_Supplied material_.
☆ ☆ ☆
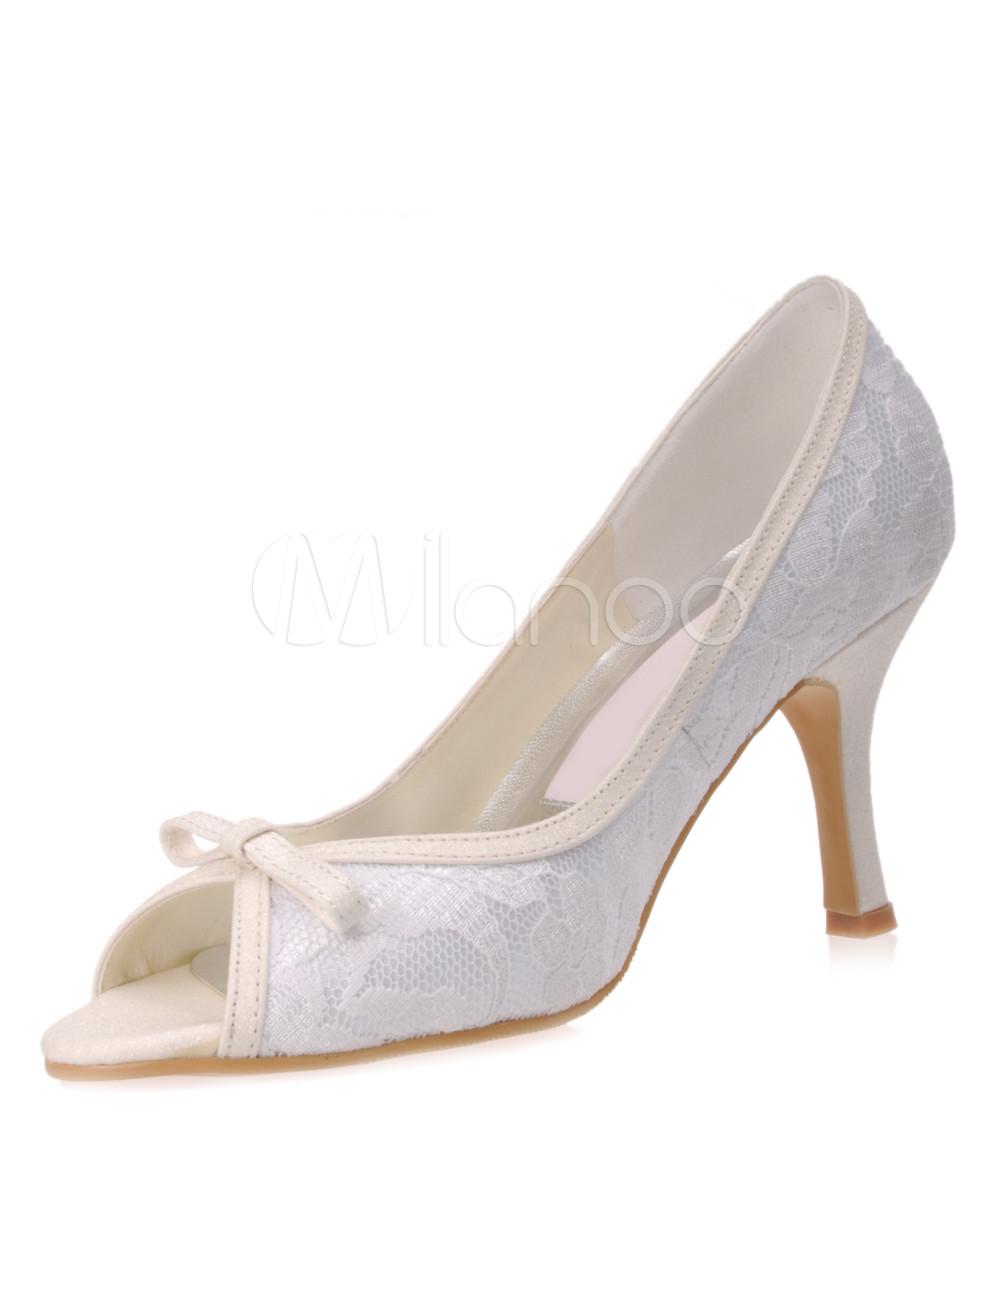 "Beautiful White Lace Satin 3 1 5"" High Heel Wedding Shoes"
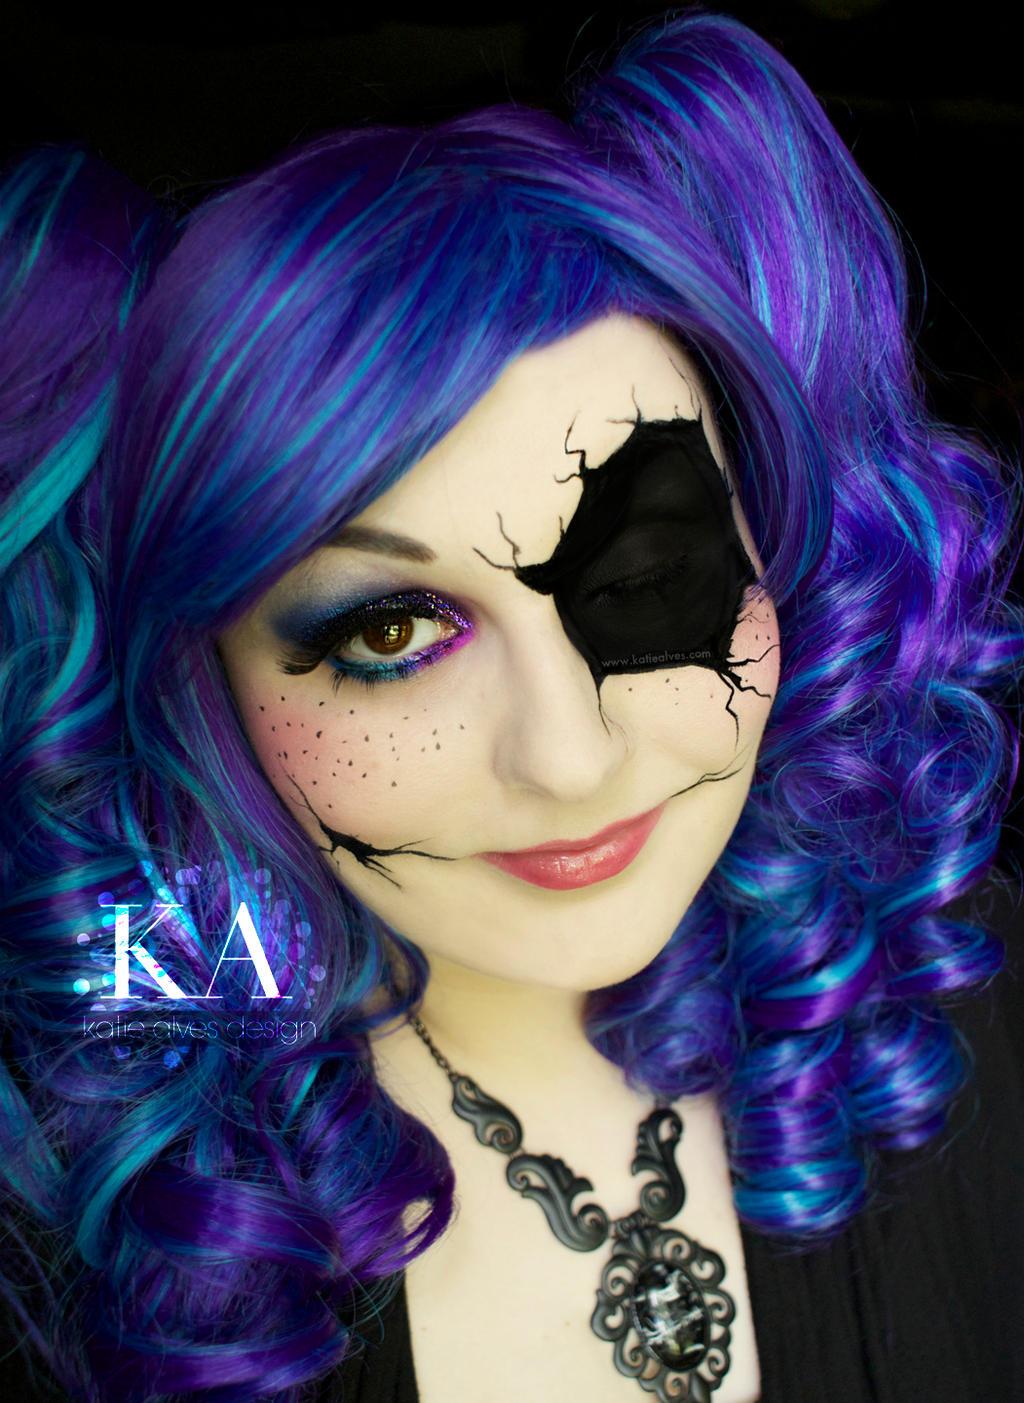 Broken Doll Halloween Makeup with Tutorial by KatieAlves - Pretty Halloween Makeup Tutorial
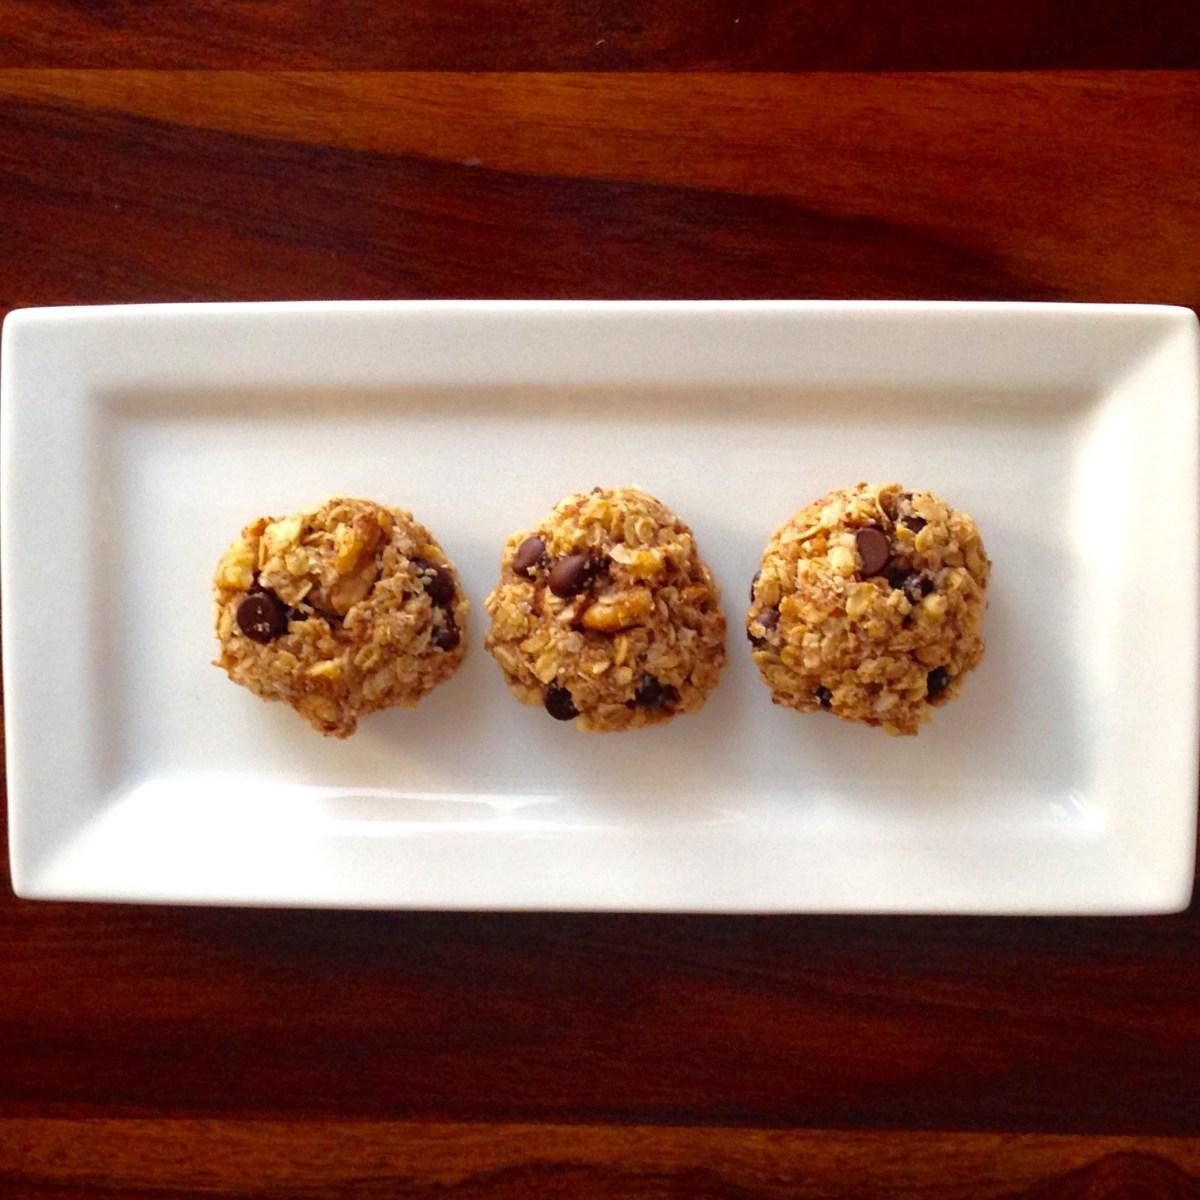 Breakfast Cookies from Bread & Wine by Shauna Niequist
☆ ☆ ☆
_The task_. Leaving out the pictures, output each line above exactly as it is.

_Exercise answer_.
 "Beautiful White Lace Satin 3 1 5"" High Heel Wedding Shoes"
 Broken Doll Halloween Makeup with Tutorial by KatieAlves - Pretty Halloween Makeup Tutorial
 Breakfast Cookies from Bread & Wine by Shauna Niequist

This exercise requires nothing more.